El martes último nos vimos en Madrid en un almuerzo. Le acompañaba su esposa, Martha Sahagún, que es como un segundo Fox pero entregada en cuerpo y alma al primero. Mujer inteligente, llegó a ser portavoz presidencial en el primer año de mandato de su esposo, pero  finalmente  se dedicó a ejercer como primera dama. La pareja anda inmersa en el desarrollo del Centro Fox, fundación política que ambos pilotan desde el Racho de San Cristobal, su residencia de siempre, allá en Guanajuato. Conservan allí los archivos completos del sexenio gobernante, algo que llama la atención puesto que -salvo su predecesor Ernesto Zedillo- todos los demás presidentes mexicano han prendido fuego a sus papeles más delicados para no dejar rastro. El Centro Fox tiene como objetivos la formación de líderes éticos, el análisis de la política global, fomentar las relaciones de México con Europa y resto de América, inculcar valores de transparencia, libertad y equidad de género, y promover el desarrollo para combatir la pobreza. Con ello intenta poner freno al populismo chavista, pero desde principios conservadores. No voy a enjuiciar a tiempo pasado la labor de Fox como presidente de México -con sus luces y sus sombras-, que para eso tiene a sus biógrafos. Pero sí me quedo con la figura del ex presidente, con su compromiso de seguir dando batalla, lo que rompe con la tradicíón de la mayoría de sus antecesores, condenados a callar, pensionados de por vida, asistidos también de forma vitalicia por el Estado Mayor presidencial, unas veces acomodados en sus fortunas, otras dedicados al tráfico de influencias. Fox confiesa que sigue vivo, que opina, que se resiste a ser jarrón chino, que es como Felipe González define el día después de un gobernante. Admite que levanta críticas. De las que duelen. Por qué no te callas, güey, le dicen a veces. No obstante, sigue. Lo que comenta con sorna mientras disfruta plácidamente de unos chipirones en su tinta, plato que le resulta materno.

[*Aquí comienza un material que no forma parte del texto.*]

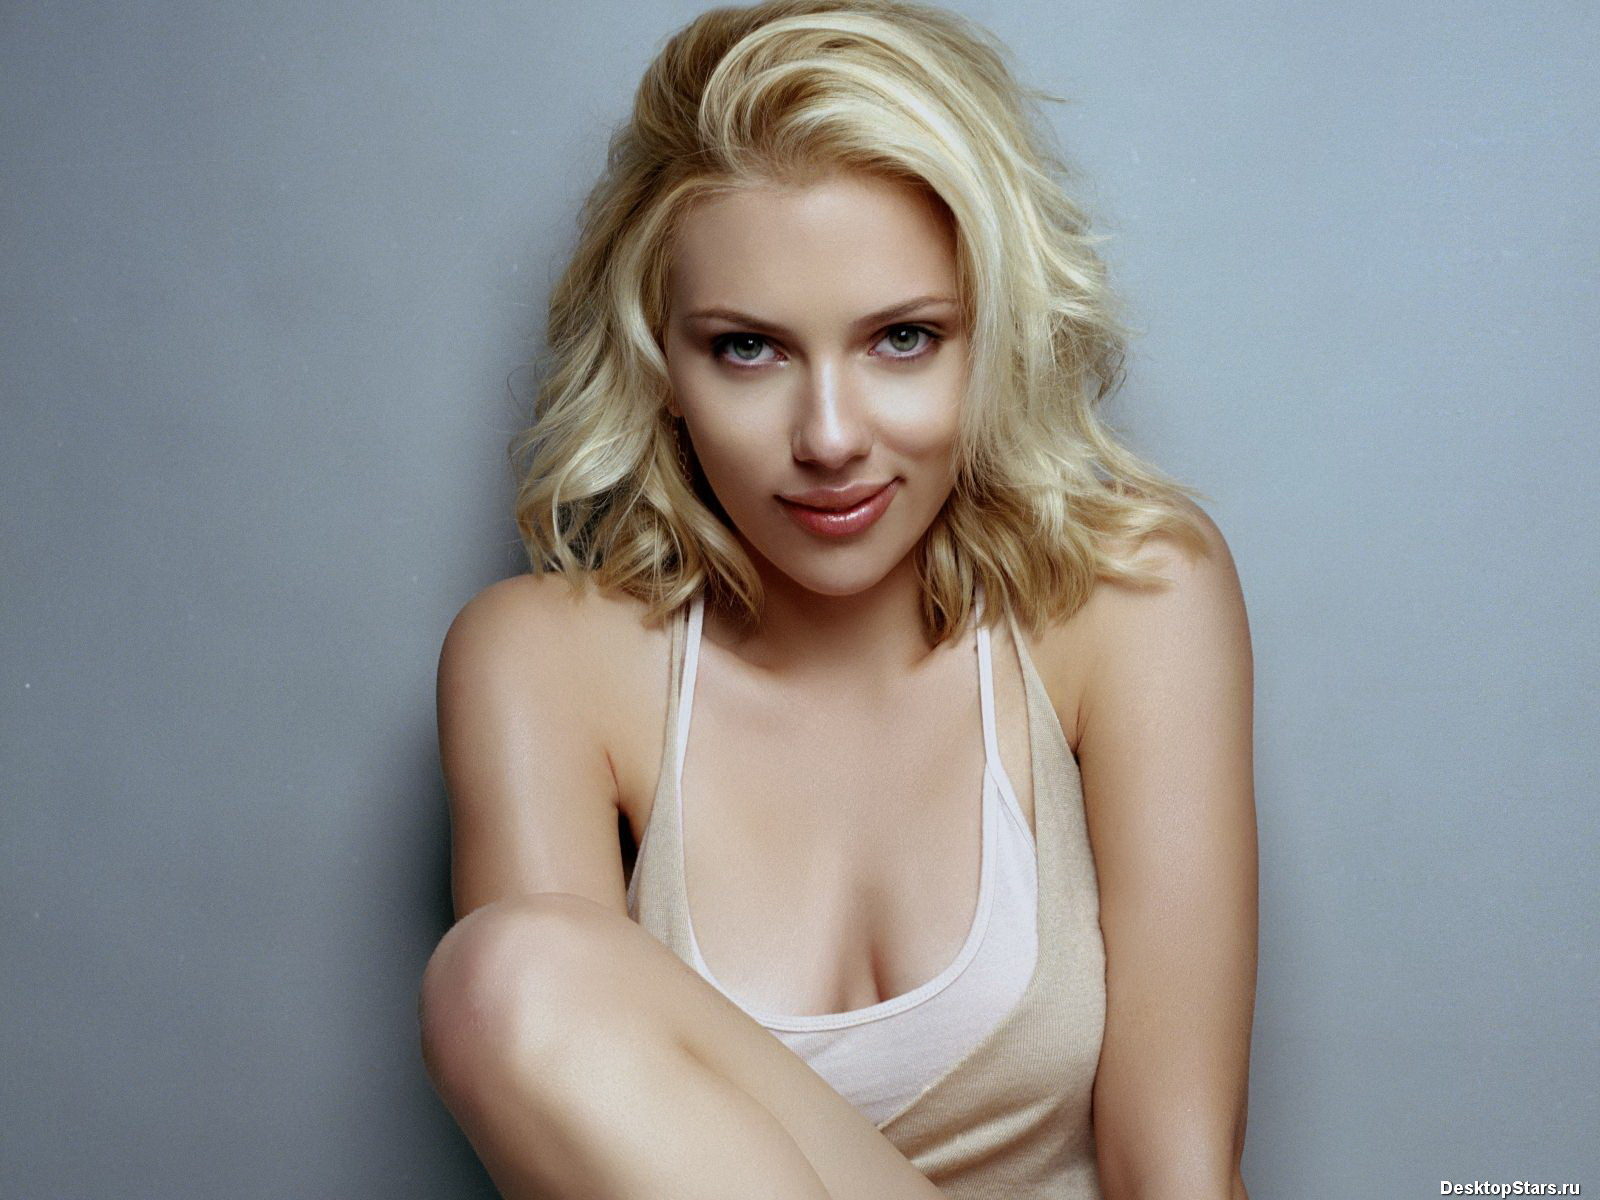 http://4.bp.blogspot.com/_7HNAy3_ifGg/TAyW10tGeNI/AAAAAAAADfk/Oi4SgOdi0Bk/s1600/Scarlett-Johansson-1600x1200-003.jpg

A Fox le tocó gobernar en tiempos de Bush. De Aznar. Mucho se habló en su día de aquel súbito viaje del presidente español a México buscando su adhesión al Trío de las Azores. El que integraron Bush, Aznar y Blair -escoltados por Barroso- para intentar convecer al mundo que Irak -Sadam Hussein, en suma- poseía armas de destrucción masiva, lo que resultó incierto. Pese a la afinidad ideológica, Fox le dio puertas a Aznar, que fue un osado. En primer lugar por inmiscuirse en un país soberano. Suponiéndole aún colonia. Y después por mostrar su enfado con soberbia. Jamás creyó Fox a los de las Azores, pese a que le abrumaron con presiones. No por instinto, sino porque nunca le pudieron demostrar que tales armas existían. Lo confesaba el martes, recordando que inundaron su despacho de documentación. De planos. De localizaciones. Que ampliadas a lente sólo mostraban puntos de la geografía campesina -cobertizos, establos, rediles para guardar ganado- donde supuestamente los iraquies ocultaban sus fábricas de uranio. Estados Unidos buscaba los votos de México y Chile en el Consejo de Seguridad, pero tanto Lago como Fox se comprometieron en complicidad para impedir la intervención militar al amparo de Naciones Unidas. Y así llegó la guerra. Con mentiras. Por decisión de tres. O tal vez de cuatro, porque Japón prestó su apoyó pero no dio la cara. Guerra con un inmenso coste. Que tuvo al Vaticano en contra. Que nos condujo al 11-M. Que expulsó al Partido Popular del Gobierno de España. Han pasado ya más de seis años de todo aquello, pero Aznar todavía no ha rectificado. Lo que le distancia de su amigo Fox, hoy más ranchero que nunca. Conservador siempre. Disfrutando de los chipirones. Saboreando un buen rioja. Contando con naturalidad aquello en grata sobremesa. Ya sin tensión. Para la historia. Sin temores. Y con la conciencia tranquila de no haber contribuido al engaño. Contrariamente a Aznar, Fox es un  jarrón chino elegantemente colocado. Que ya es mucho para ser voz respetada.